Apesar do otimismo, a entidade teme que o consumidor seja prejudicado com novos aumentos. “É preocupante. Para nós é muito crítico. A nossa esperança é que isso acabe e que voltem a abastecer como antes para evitar que afete o consumidor. Os (outros) produtos estão tão altos, acaba que a gente perde com o recuo do consumidor”, lamenta.
“Além do aumento do trigo, temos a questão de logística. Se a gente passar a comprar em outros lugares que não seja a Argentina, os preços internacionais do cereal podem ficar ainda mais em alta na Bolsa de Chicago”, observa Dantas.
Preço na padaria
O possível aumento do pãozinho francês devido ao conflito entre Rússia e Ucrânia já tem esquentado a cabeça de clientes e donos de padarias. “Pão no café da manhã é igual arroz e feijão no almoço”, brinca Guilherme Bicalho, gerente da padaria Mixpão, no Bairro Vera Cruz, Região Leste de Belo Horizonte.
Por lá, ele conta que ainda não sofreu impacto devido às sanções à Rússia e aos efeitos do conflito, mas se preocupa se for necessário mexer no preço novamente, já que, desde o início da pandemia, precisou mudar a etiqueta diversas vezes.
“Na verdade o aumento é sempre ruim pra gente porque a gente não tem alternativa a não ser repassar ao cliente. A gente vê que os aumentos estão sendo recorrentes. Não é só o trigo. Nos últimos oito meses, os produtos têm sofrido grandes aumentos: óleo de soja, margarina, farinha, ovo, leite… Tudo gera aumento de custo que acaba onerando o valor”, justifica.
No começo da pandemia, o quilo do pão francês custava R$ 13,99. Hoje ele está R$ 15,90. “Conforme for o trigo, pode ser que tenhamos que repassar ao cliente”, alerta. “O ruim é que sobem produtos básicos da mesa do consumidor, então acaba que o consumidor final sente muito o aumento de preço. E muitas vezes não entendem o que está por trás da padaria. É complicado”, queixa.

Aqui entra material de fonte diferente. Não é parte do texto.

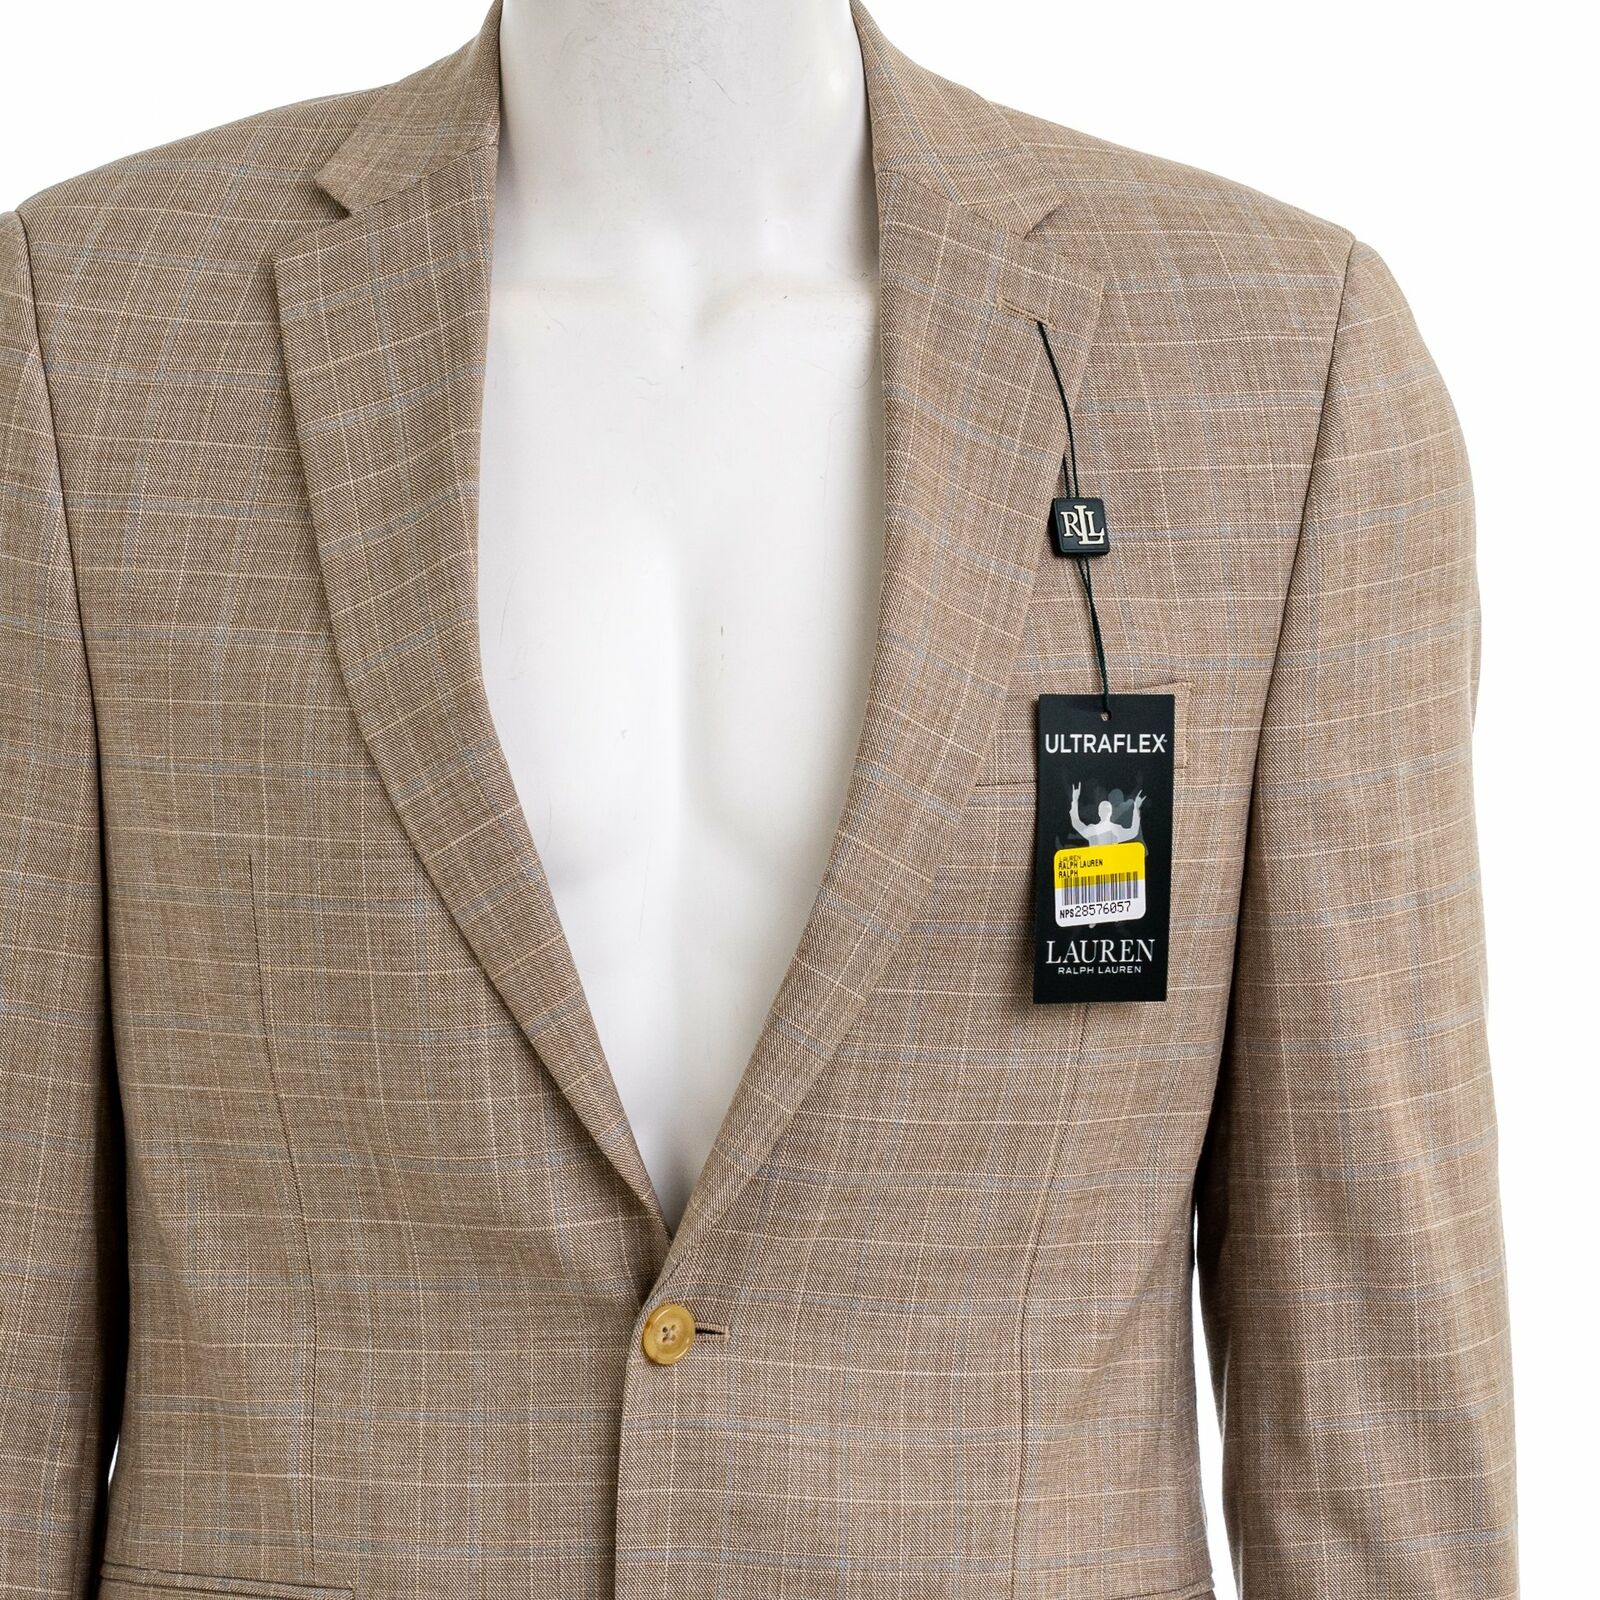 LAUREN RALPH LAUREN Men's Lexington Ultra Flex Suit Jacket Blazer Styl –  DDT Boutique

Cliente fiel do pãozinho de sal, a publicitária Marysa Buono se mostra interessada nos assuntos internacionais e acredita ainda ser cedo para falar em aumento. “Muito é usado como desculpa (para aumentar o preço). É muito pouco tempo para ter reflexo no Brasil. Tem que aguardar o desenrolar da história antes de prever um aumento”, opina.
A consumidora tem o costume de comprar pão em uma padaria no Bairro Serra, Região Centro-Sul de BH. Ela diz que por lá os preços se mantiveram. “Onde eu compro não houve aumento. Se aumentar, impacta muito em todos os aspectos, mas vamos ter que nos programar para uma nova realidade. O preço aumenta e o salário não”, pontua.